The province said some of the aims of the new framework are to avoid the potential for more serious outbreaks, to keep vulnerable populations safe and to keep schools open. However, the levels in the framework don’t specifically mention restrictions to schools.

Ontario’s Chief Medical Officer of Health Dr. David Williams said schools are in a different area in regards to protocols and safety measures already being made, which is why they’re not included. He explained that based on their investigations, children bring COVID-19 to schools and don’t get the virus from schools, which is why preventing that in the first place is a top priority.

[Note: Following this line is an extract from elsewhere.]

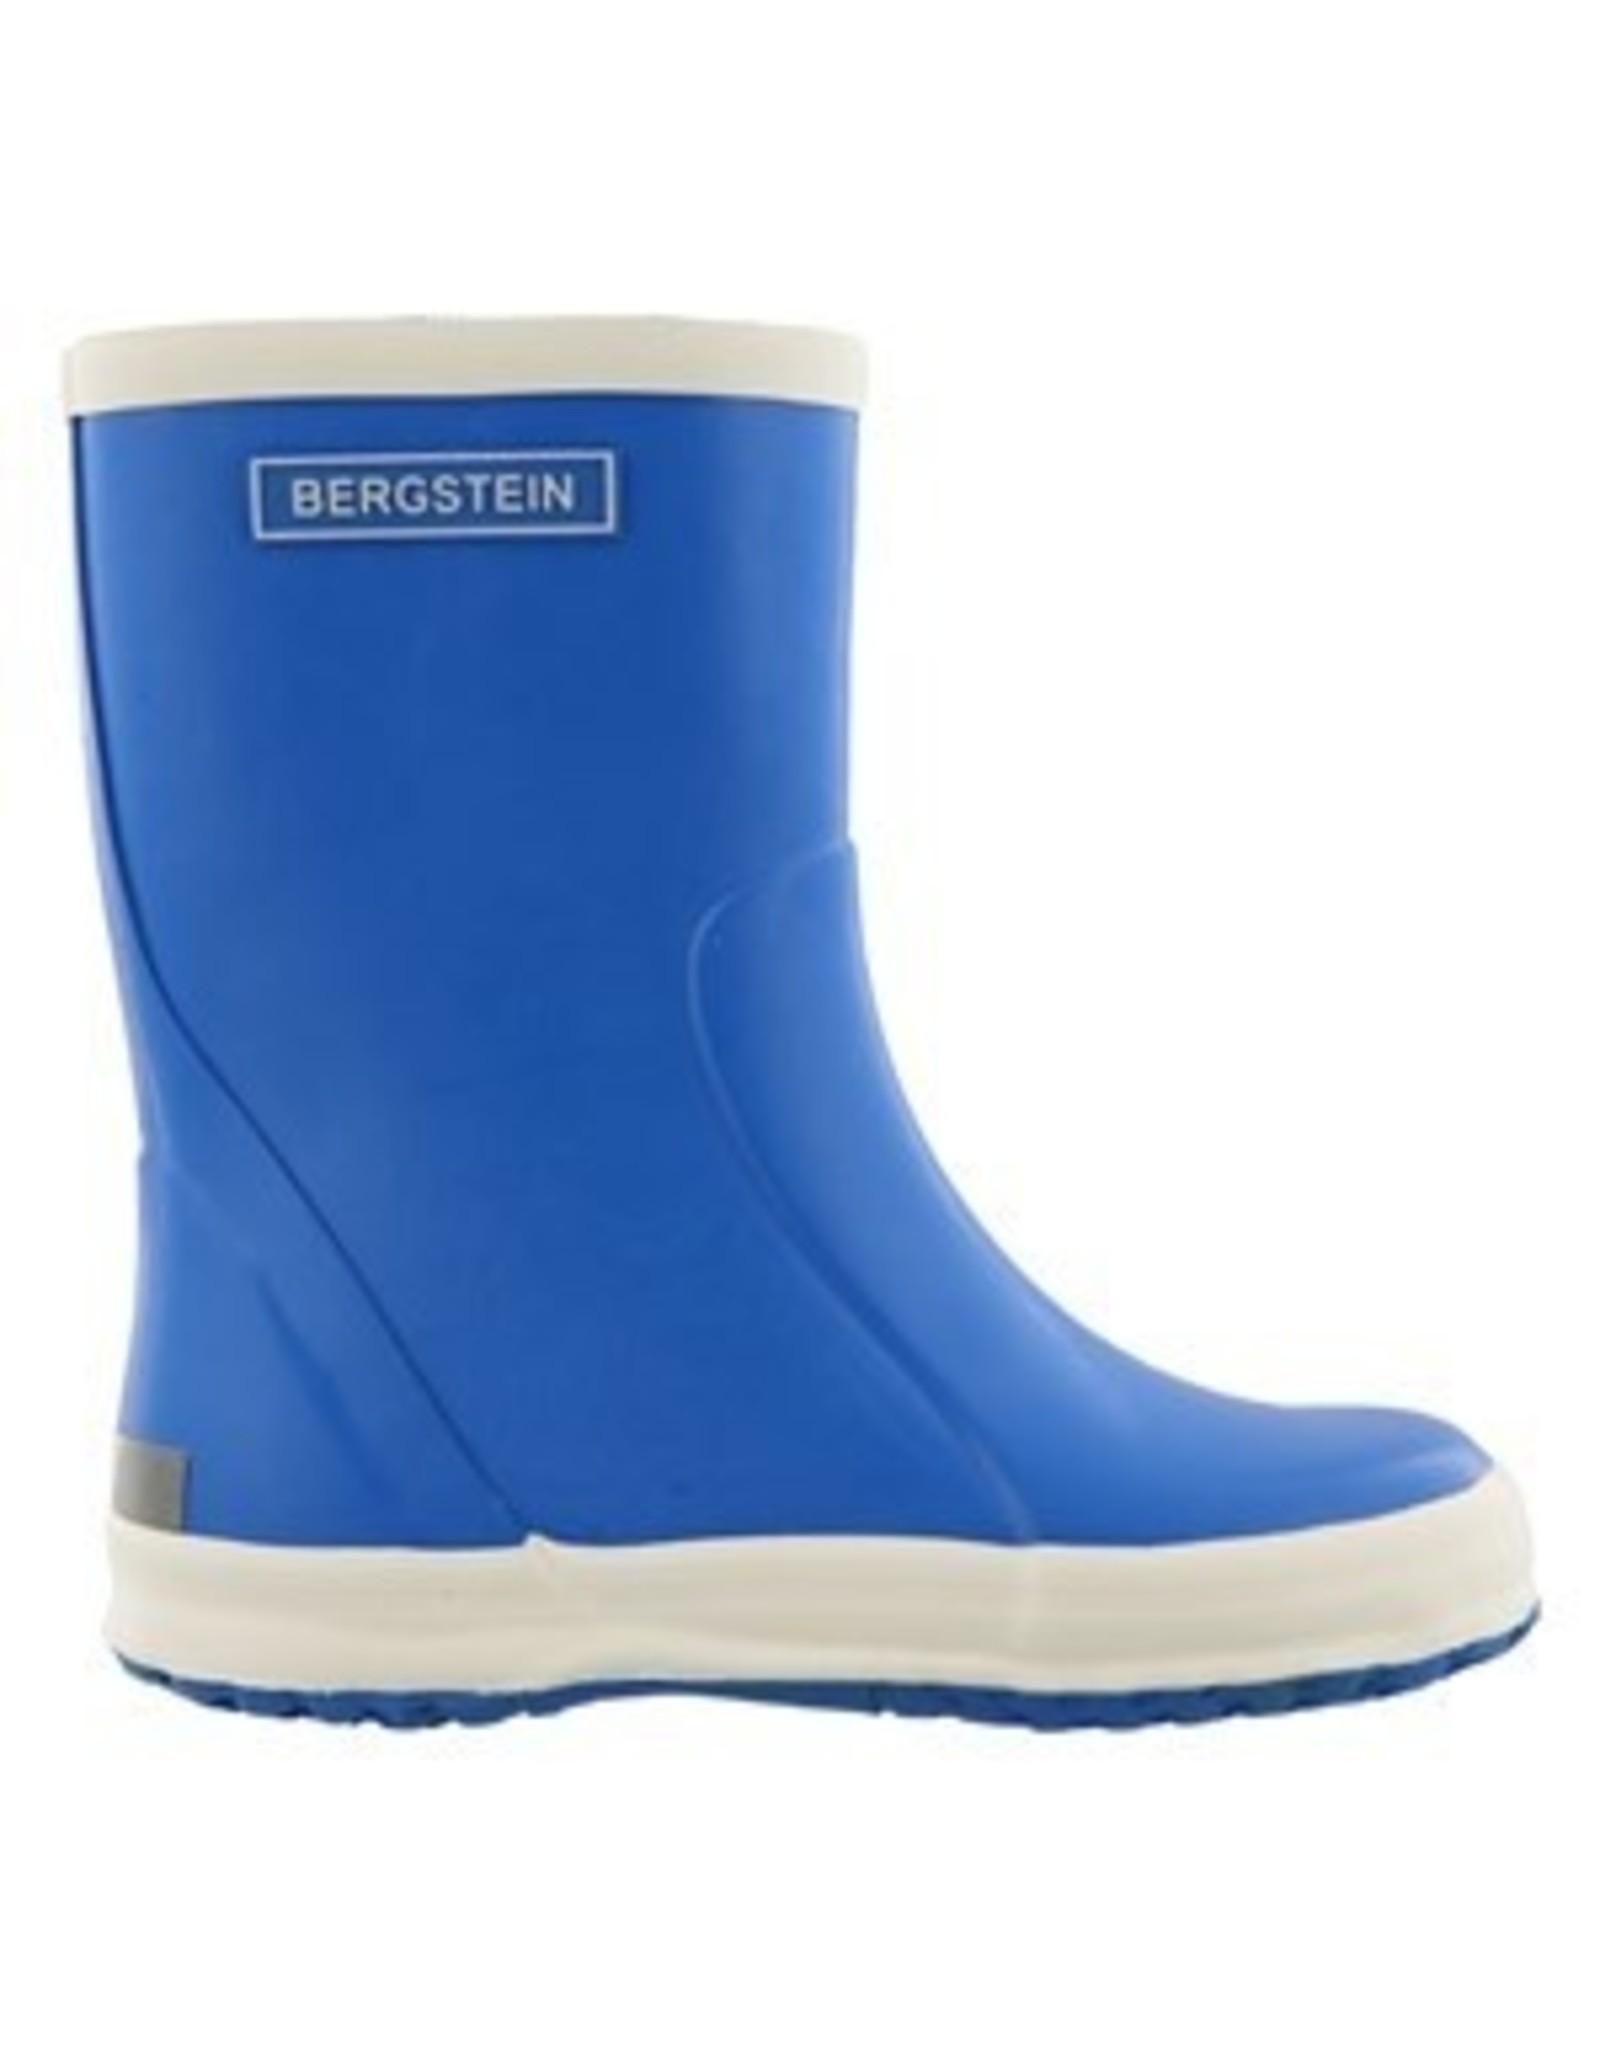 Bergstein Rain boot Cobalt

“If we do a better job at protecting and keeping ourselves protected from COVID our children won’t get COVID. They won’t bring it to the school. Less chance of schools being investigated and being closed. The better we drive down these numbers the less risk there are for these vulnerable populations and keep them open.”

The province hopes to increase testing capacity to 100,000 per day by December and keep test positivity under three per cent. It also wants 90 per cent of the cases followed up within 24 hours. Ontario only conducted around 25,300 tests on Monday.

Each tier has indicators for epidemiology, health system capacity and public health system capacity. For example, under ‘prevent’ level as an example, the weekly incidence rate has to be less than 10 per 100,000 with a per cent positivity rate of less than one per cent. There has to be adequate space for ICU and hospitalizations and contact management has to be done within 24 hours.

The new plan replaces the previous one of stages 1, 2 and 3.